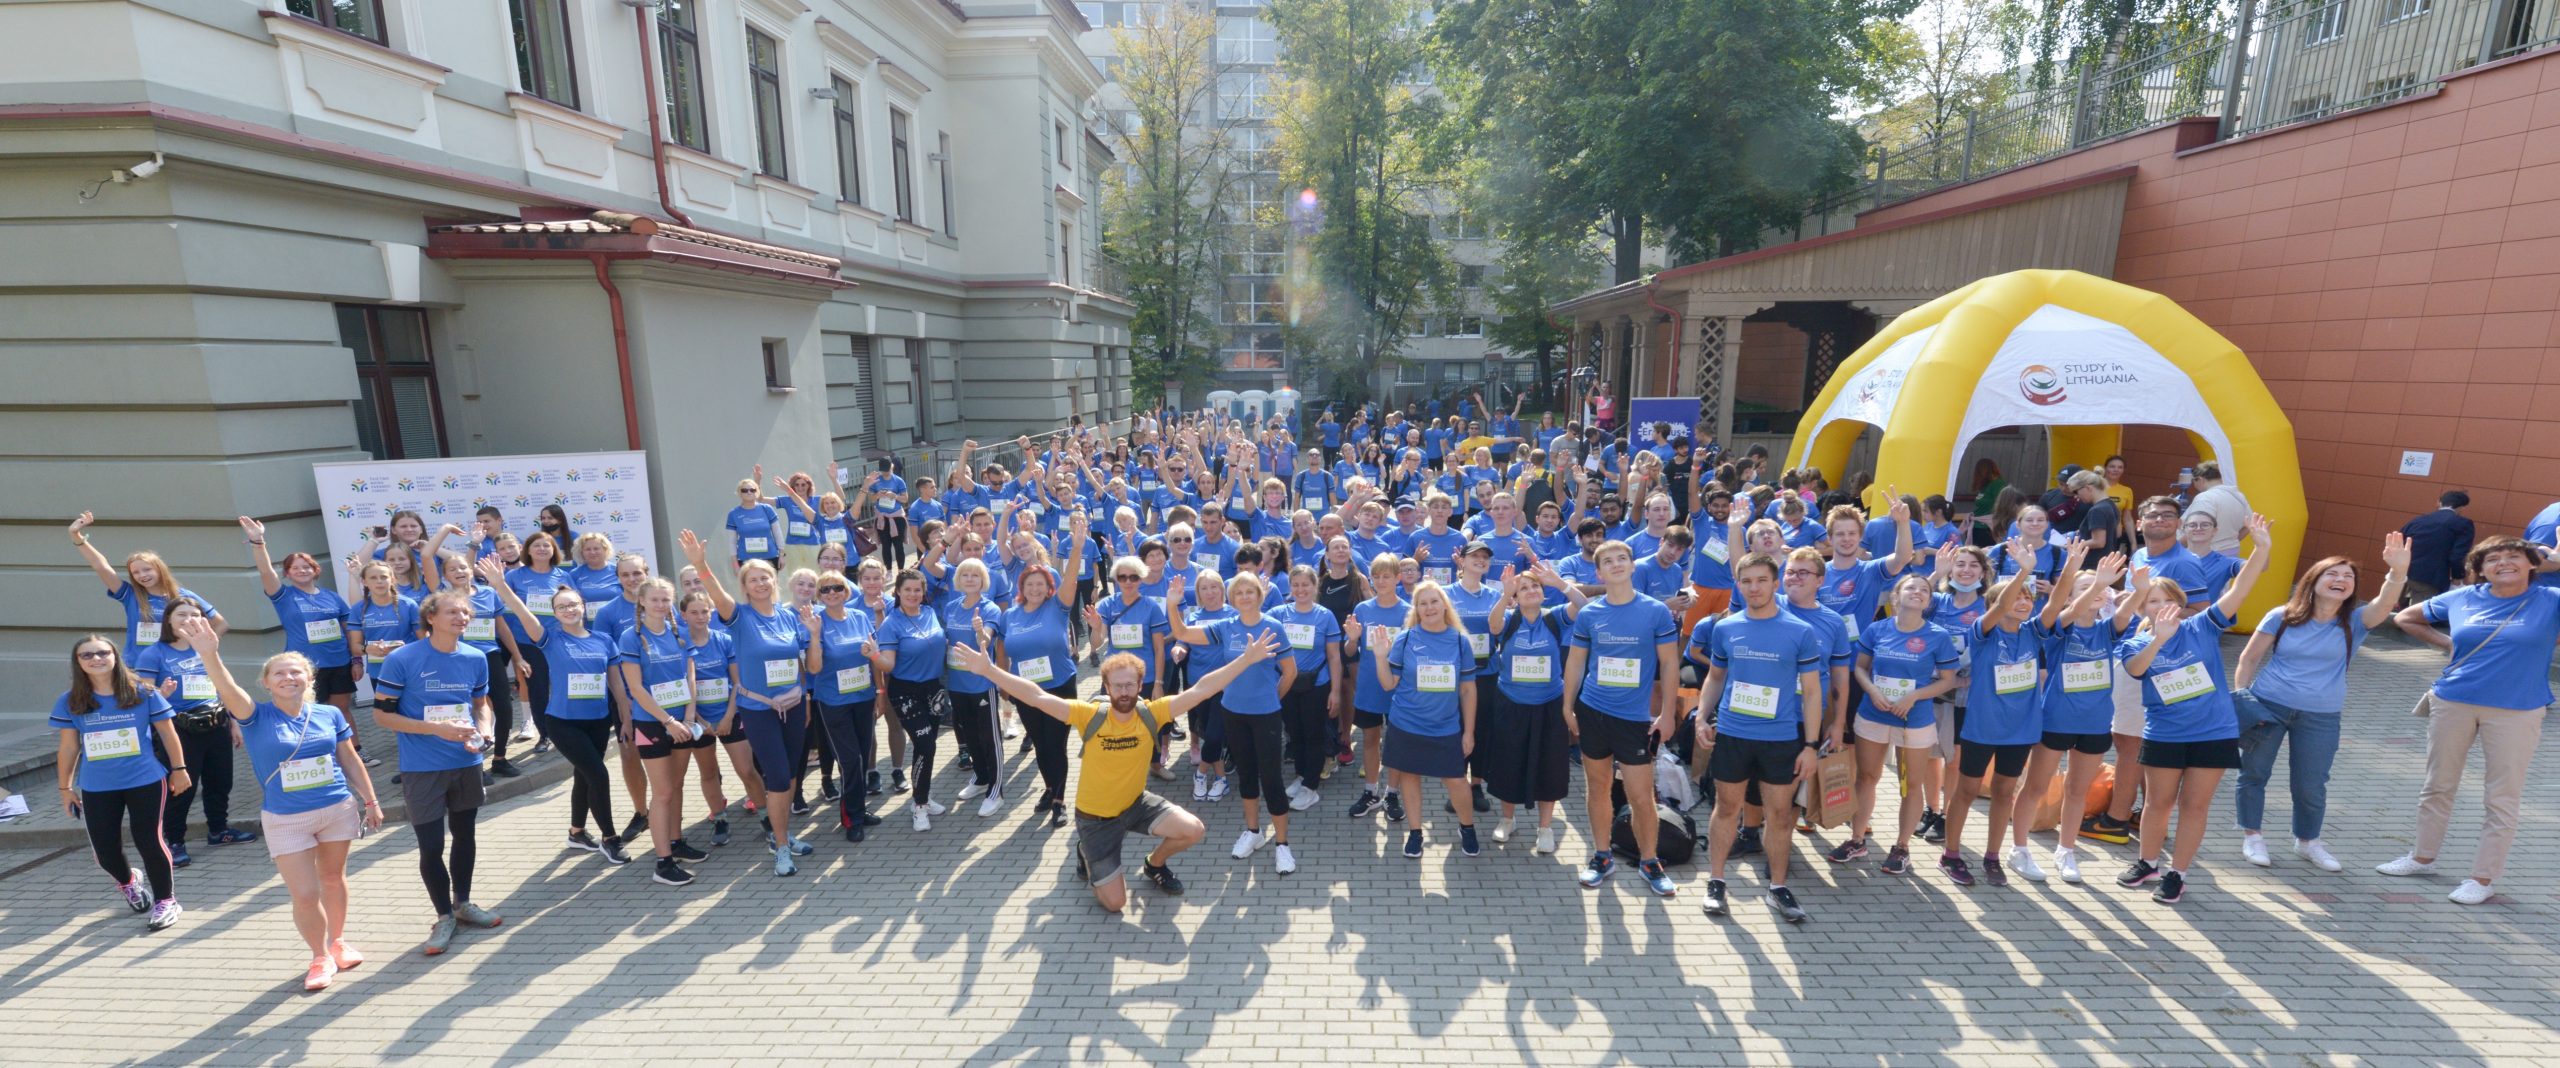 Didžiausia RIMI Vilniaus maratono komanda „Erasmus+“ primena: gyvenimas nesustojo
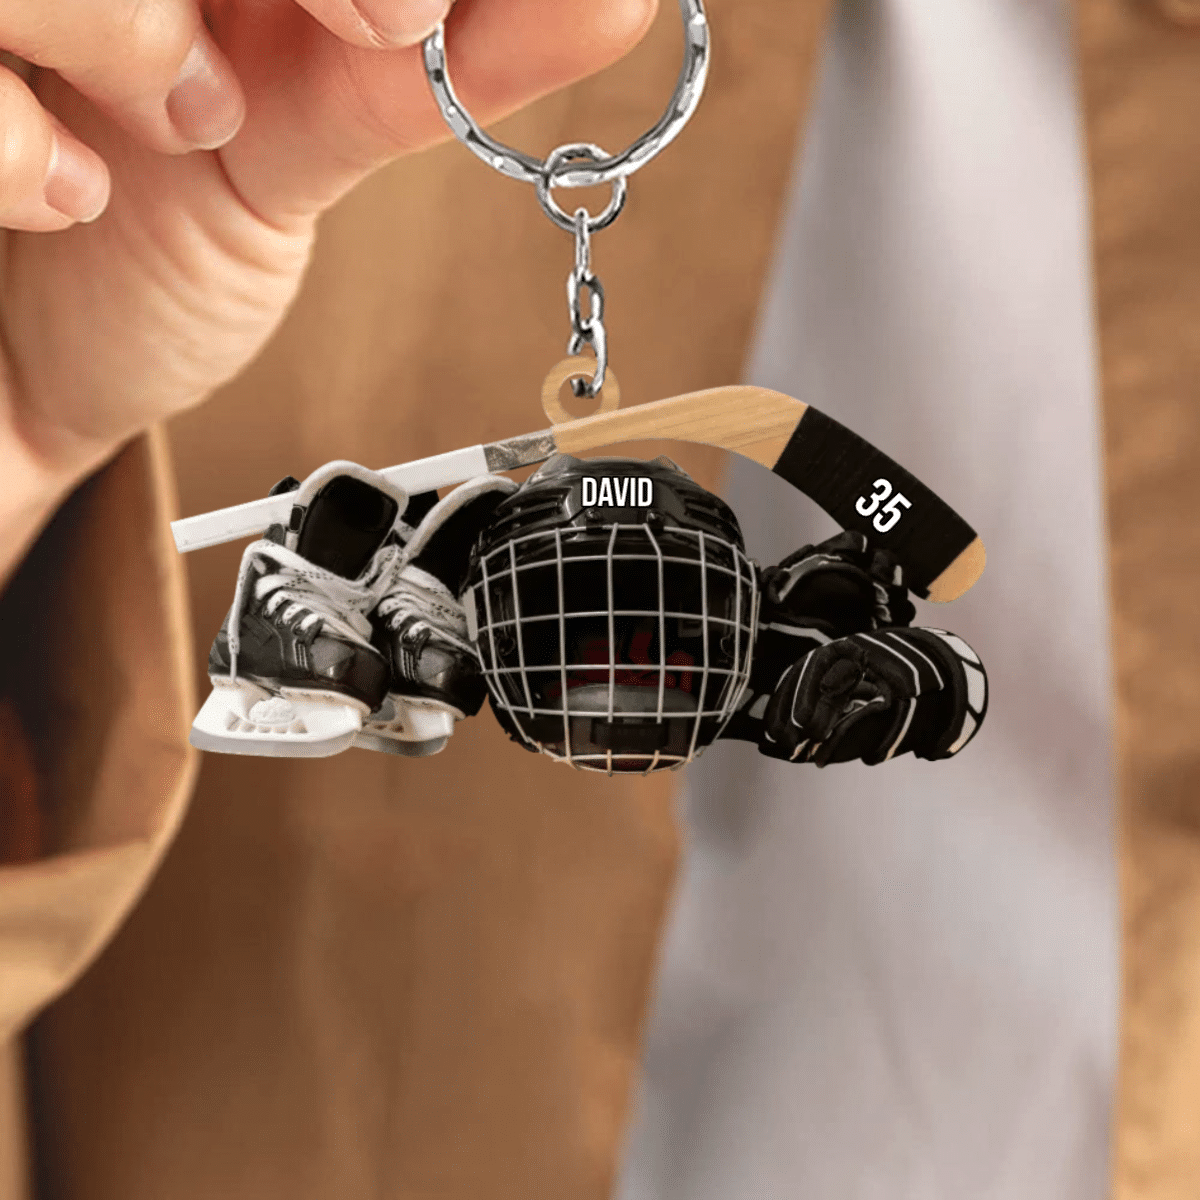 Personalized Hockey Keychain/ Hockey Skates Helmet And Stick Gift For Hockey Lover
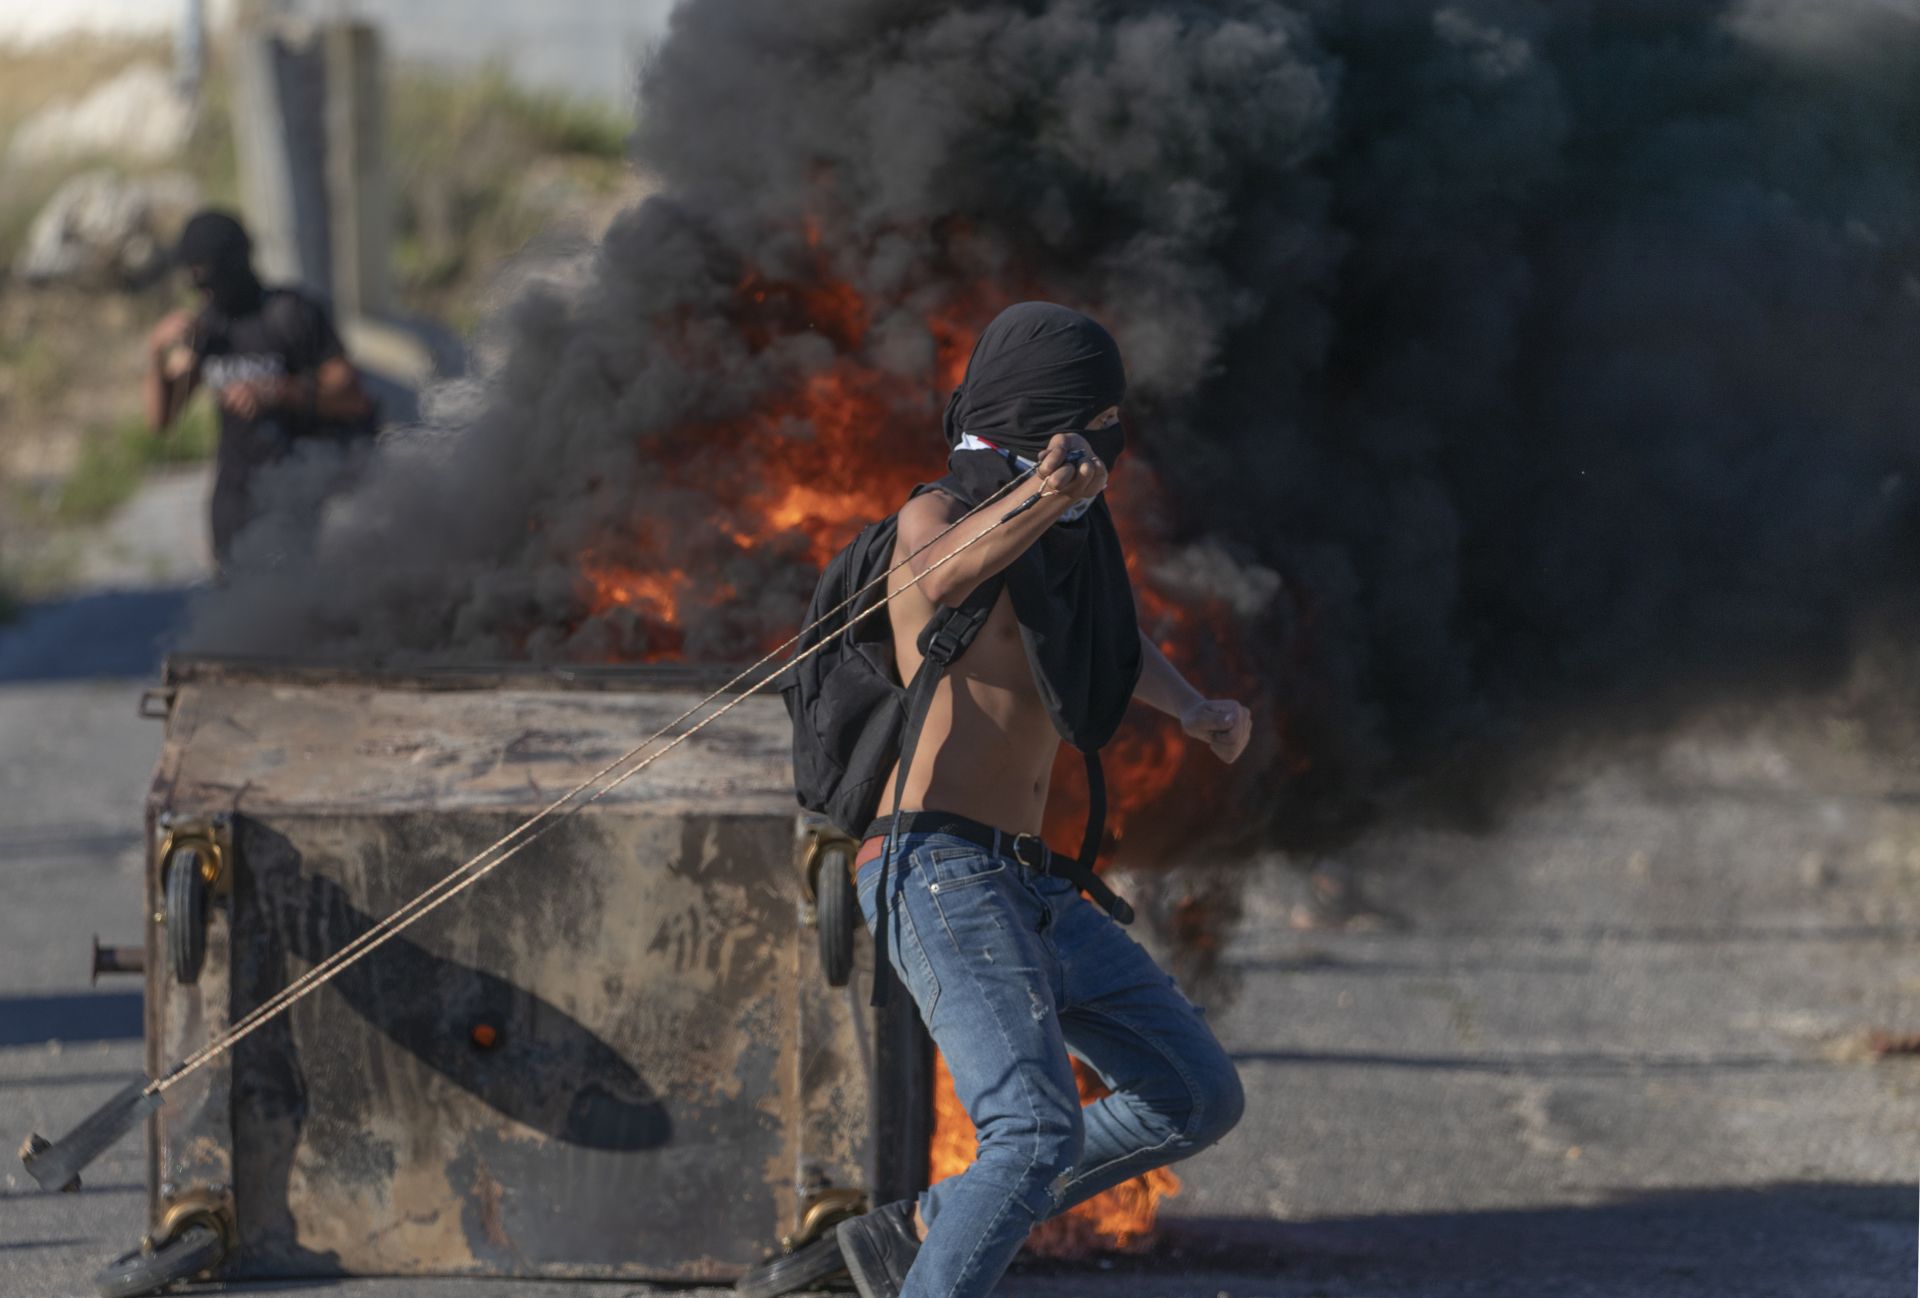 Палестински протестиращи горят гуми и използват подръчни средства за бой при сблъсъци с израелски войници на входа на еврейското селище Бейт Ел, близо до град Рамала на Западния бряг, 15 юни 2021
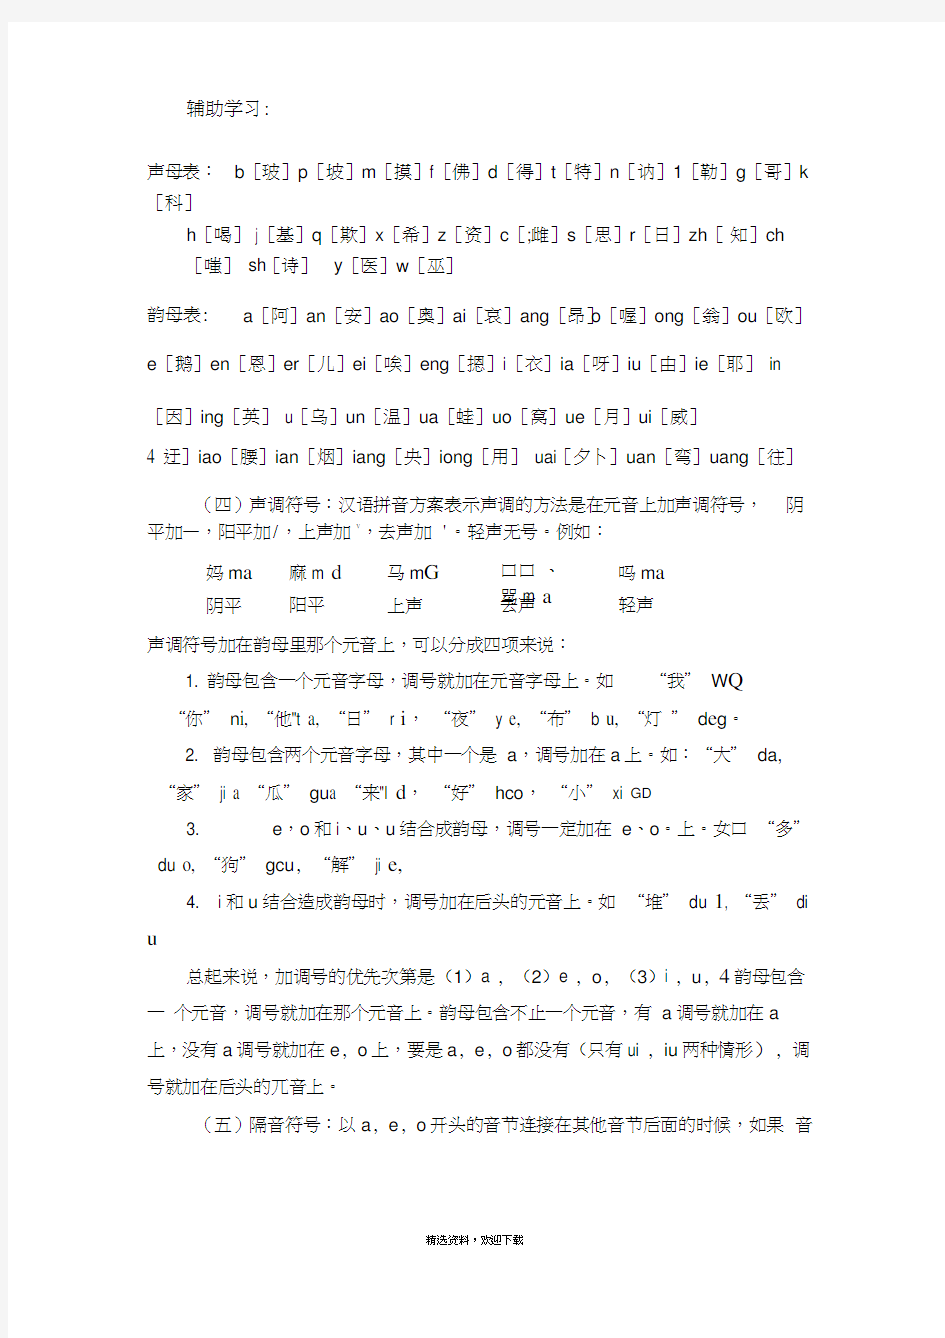 汉语拼音方案23738

........

* **Problem to work on**:
Go through the lines above and write each one out verbatim, skipping the pictures.

* **Solution to the problem**:
 Didžiausia RIMI Vilniaus maratono komanda „Erasmus+“ primena: gyvenimas nesustojo
 Personalized Hockey Keychain/ Hockey Skates Helmet And Stick Gift For Hockey Lover
 Палестински протестиращи горят гуми и използват подръчни средства за бой при сблъсъци с израелски войници на входа на еврейското селище Бейт Ел, близо до град Рамала на Западния бряг, 15 юни 2021
 汉语拼音方案23738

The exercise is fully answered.